Referring to fig. 4, the XYR flexible compensator 100 of the present invention further includes a holder 10, the holder 10 is disposed in the accommodating cavity, the holder 10 is sleeved on the periphery of the compensation block 3, and the holder 10 blocks the compensation block 3 from moving up and down. Specifically, the compensation block 3 includes a stop ring 32 and a compensation body 31, and the stop ring 32 is formed by extending an outer side wall of the compensation body 31 outwards. The retainer 10 includes an upper limit ring 101 and a lower limit ring 102 opposite to the upper limit ring 101, the compensation body 31 is disposed in the upper limit ring 101 and the lower limit ring 102, the upper limit ring 101 is closely attached to the top surface of the stop ring 32, and the lower limit ring 102 is closely attached to the bottom surface of the stop ring 32. The compensating block 3 is prevented from moving in the up-down direction by the holder 10. Specifically, the outer sidewall of the compensation body 31 and the inner sidewall of the upper limit ring 101 have a distance 103 therebetween, and the compensation body 31 is radially movable within the range of the distance 103. Because the compensation block 3 is connected with the flange 4, when the flange 4 is acted by external force, the flange 4 drives the compensation block 3 to move.

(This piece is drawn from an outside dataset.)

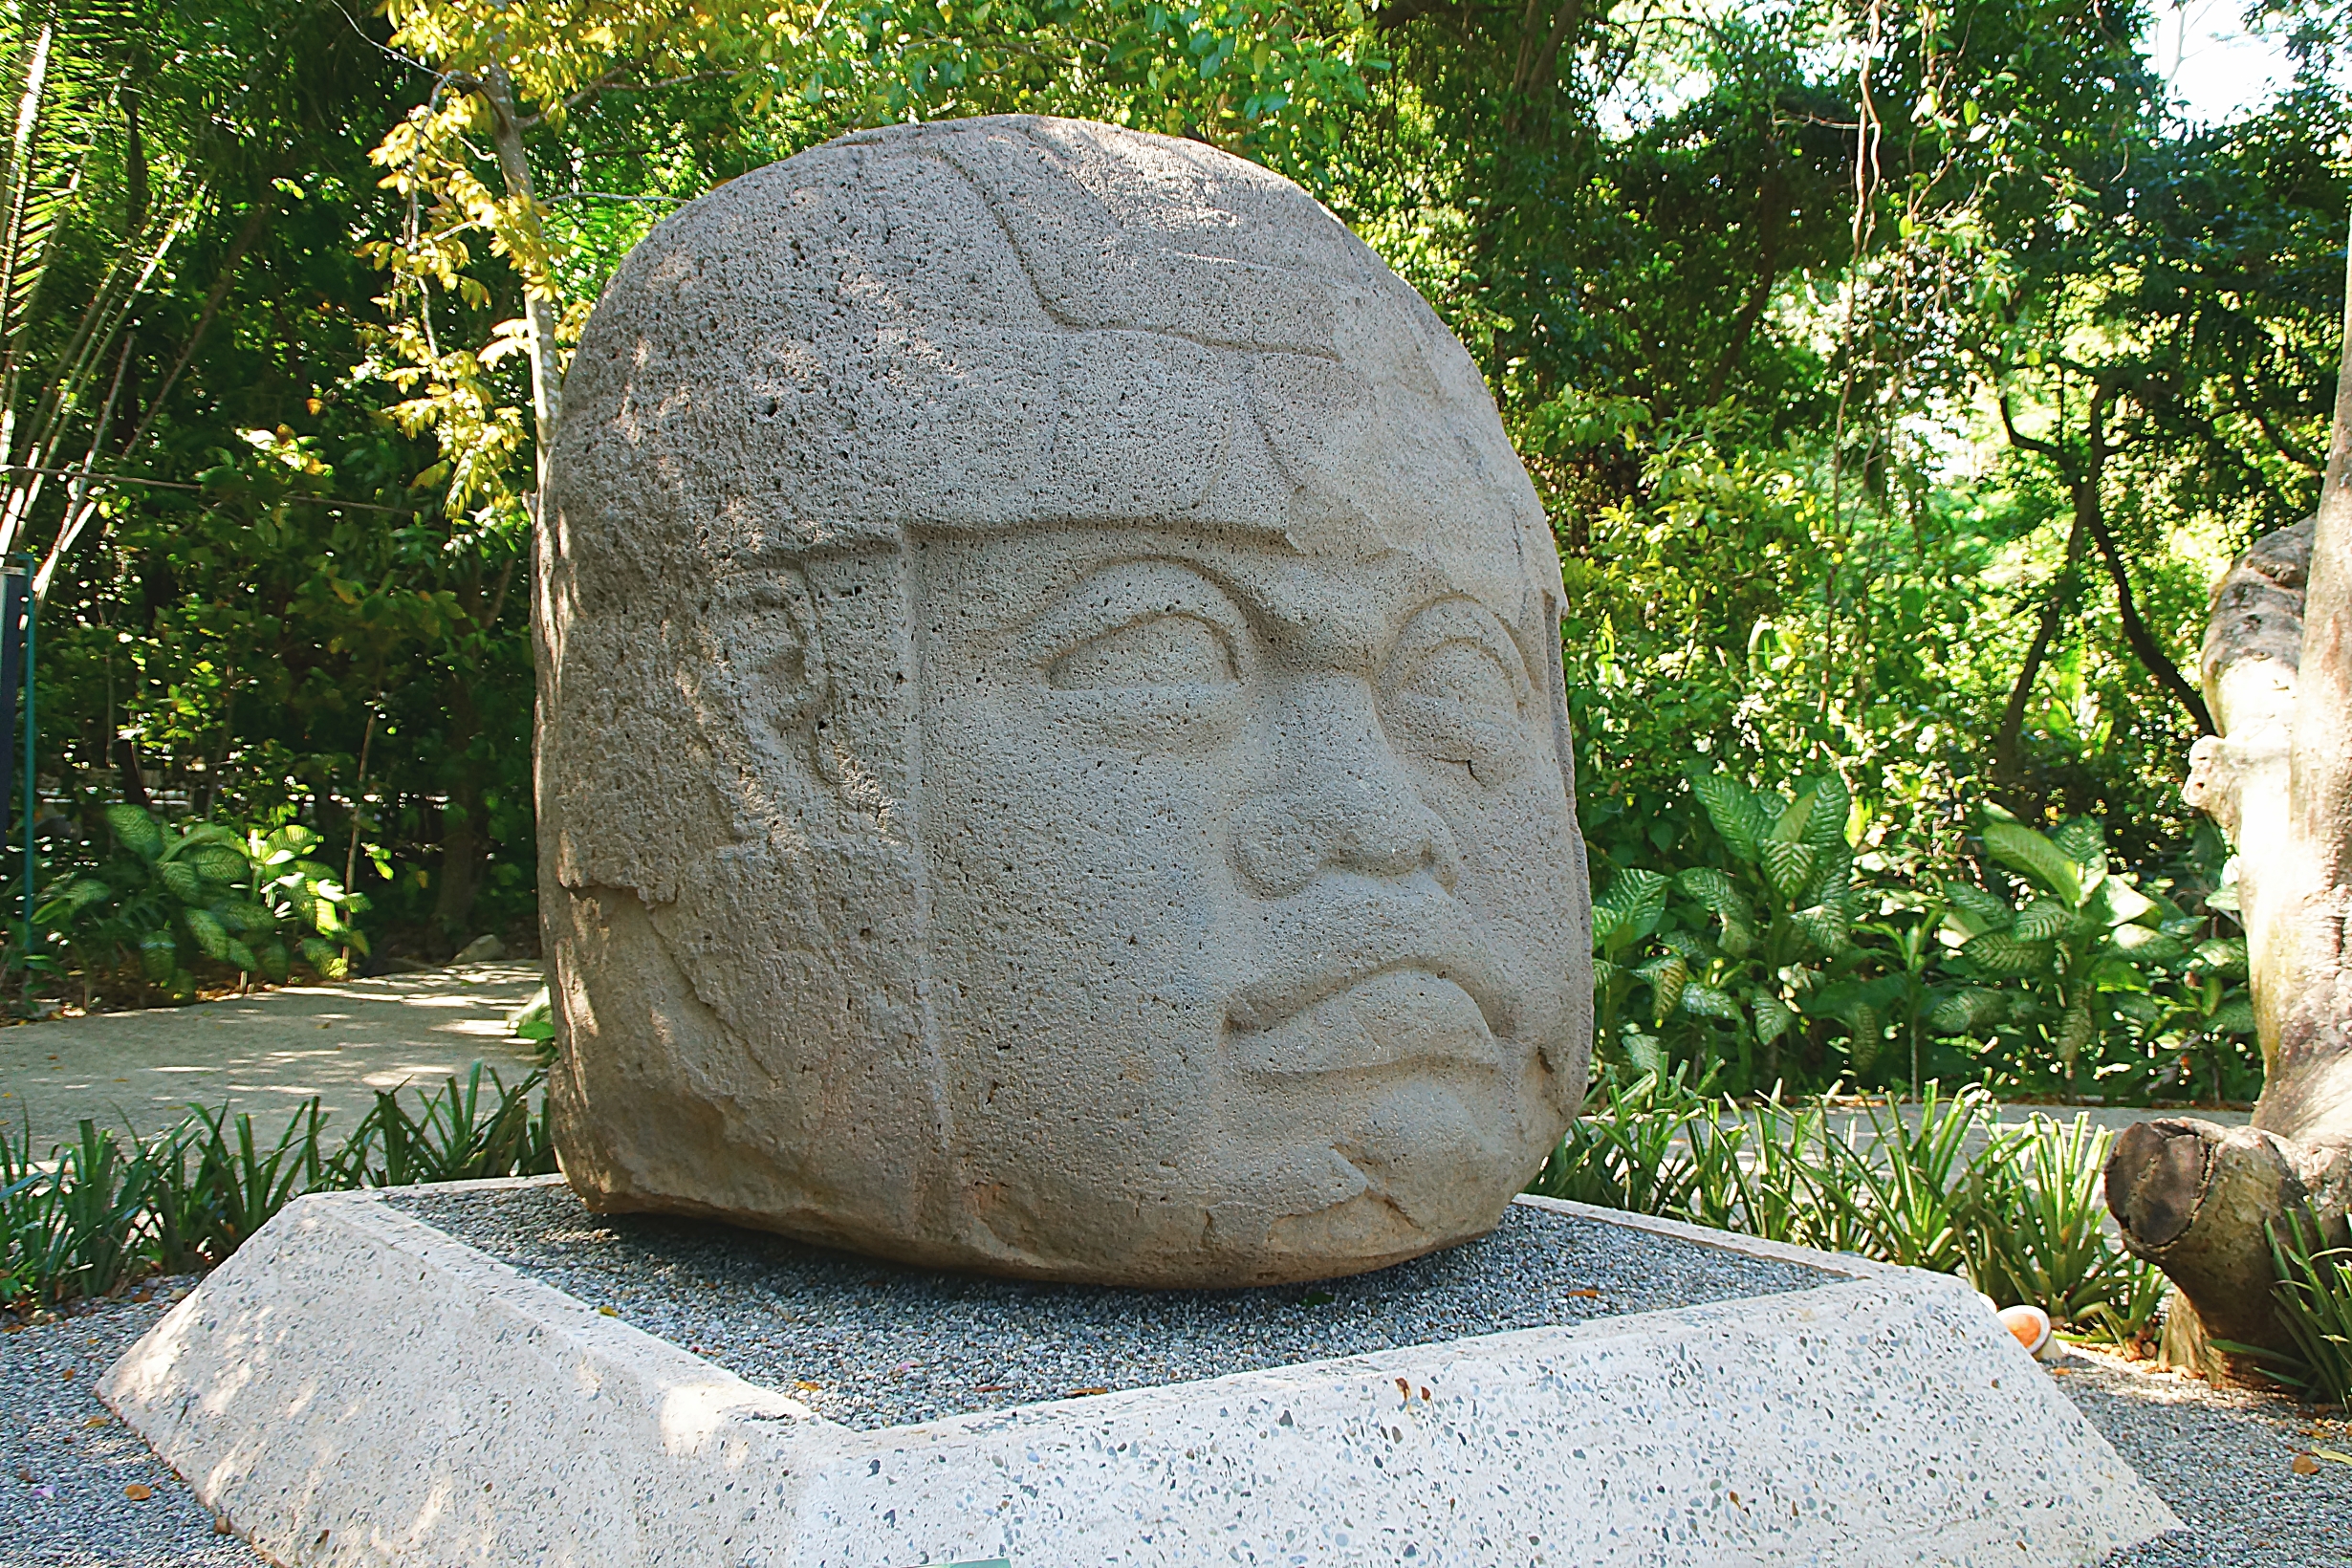 Одна из знаменитых каменных голов работы ольмеков - древнейшего народа Ц.Америки. Фото Морошкина В.В.
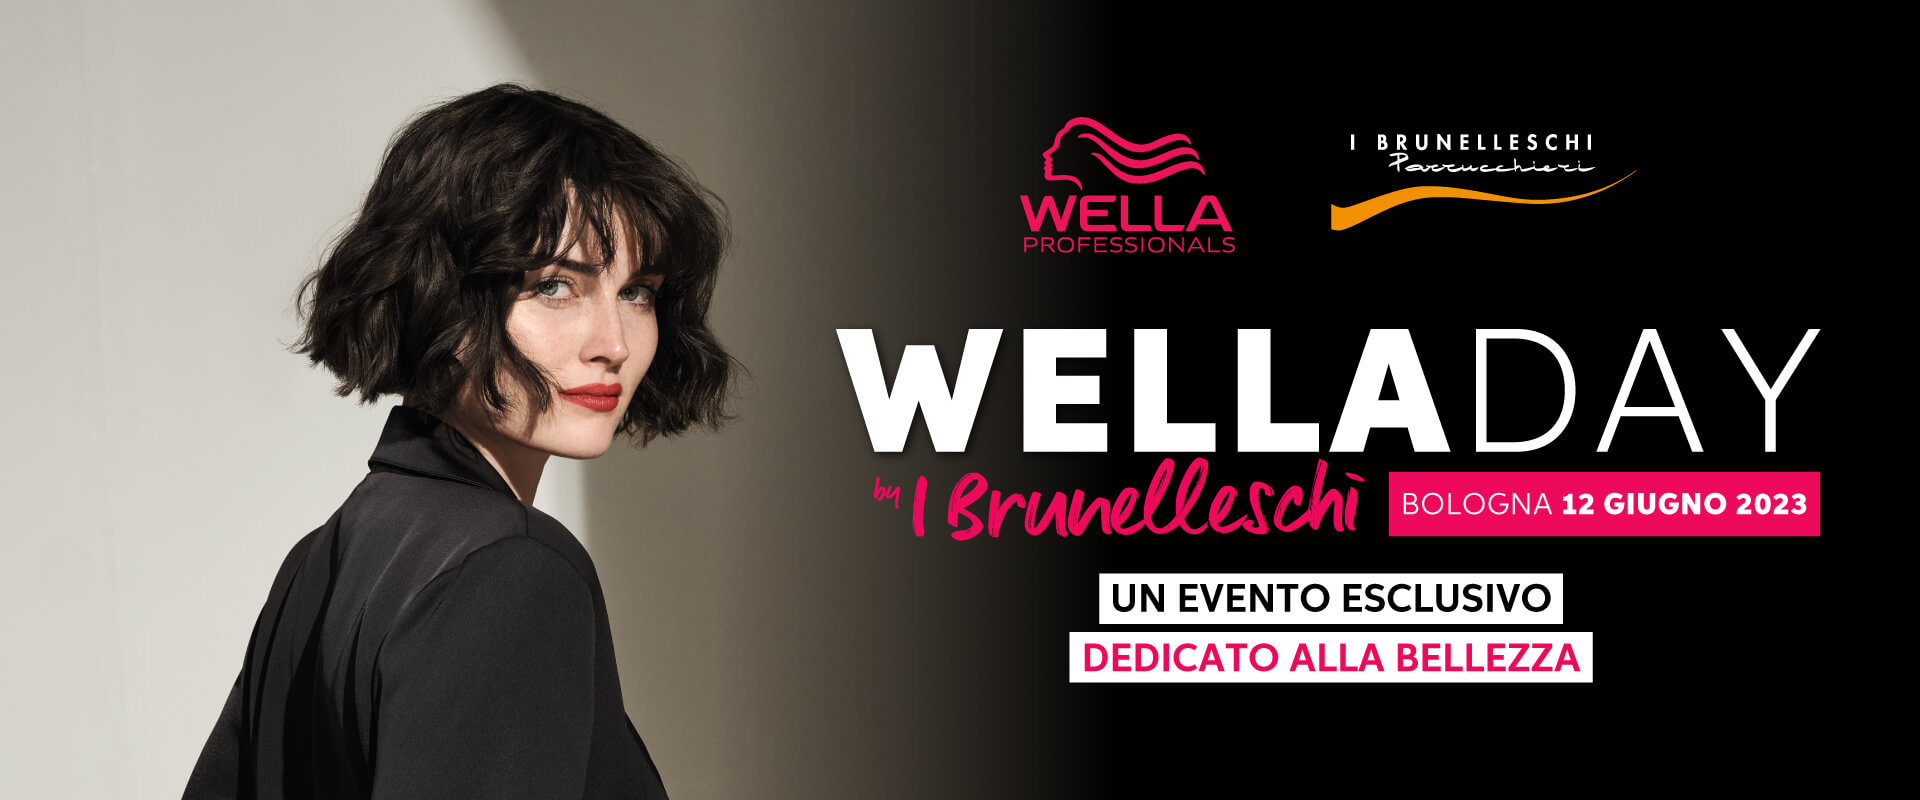 welladay e i brunelleschi evento

Referring to fig. 4, an upper stopping shoulder 8 for stopping the aligning piston 2 from moving upwards is protruded downwards from the top of the accommodating cavity, and when the aligning piston 2 is stopped by the upper stopping shoulder 8, the aligning piston 2 is at the first position, and a gap is formed between the aligning piston 2 and the top wall of the accommodating cavity. By means of the upper abutment shoulder 8, the top of the aligning piston 2 does not abut against the top wall of the receiving chamber, so that a gap is formed between the aligning piston 2 and the top wall of the receiving chamber, thereby forming the vent channel 5.

Referring to fig. 4, the sidewall of the receiving cavity extends inward to form a lower stop shoulder 9 for stopping the return piston from moving downward, and the return piston 2 is located at the second position when abutting against the lower stop shoulder 9. Specifically, in the present embodiment, the lower stopping shoulder 9 and the housing 1 are a split structure, but in other embodiments, the lower stopping shoulder 9 and the housing 1 are an integral structure, and thus the invention is not limited thereto. The lower resisting shoulder 9 is sleeved on the aligning piston 2. Specifically, in the present embodiment, the aligning piston 2 includes a main body portion 21 and a limiting portion 22 disposed on the periphery of the main body portion 21, the main body portion 21 penetrates the lower abutting shoulder 9, and the limiting portion 22 is located above the lower abutting shoulder 9. It can be understood that the outer side wall of the main body part 21 is in clearance fit with the inner side wall of the lower abutment shoulder 9, and the main body part 21 can only move in the up-down direction but not in the radial direction under the action of the lower abutment shoulder 9. For example, the lower abutment shoulder 9 is an annular block-like structure.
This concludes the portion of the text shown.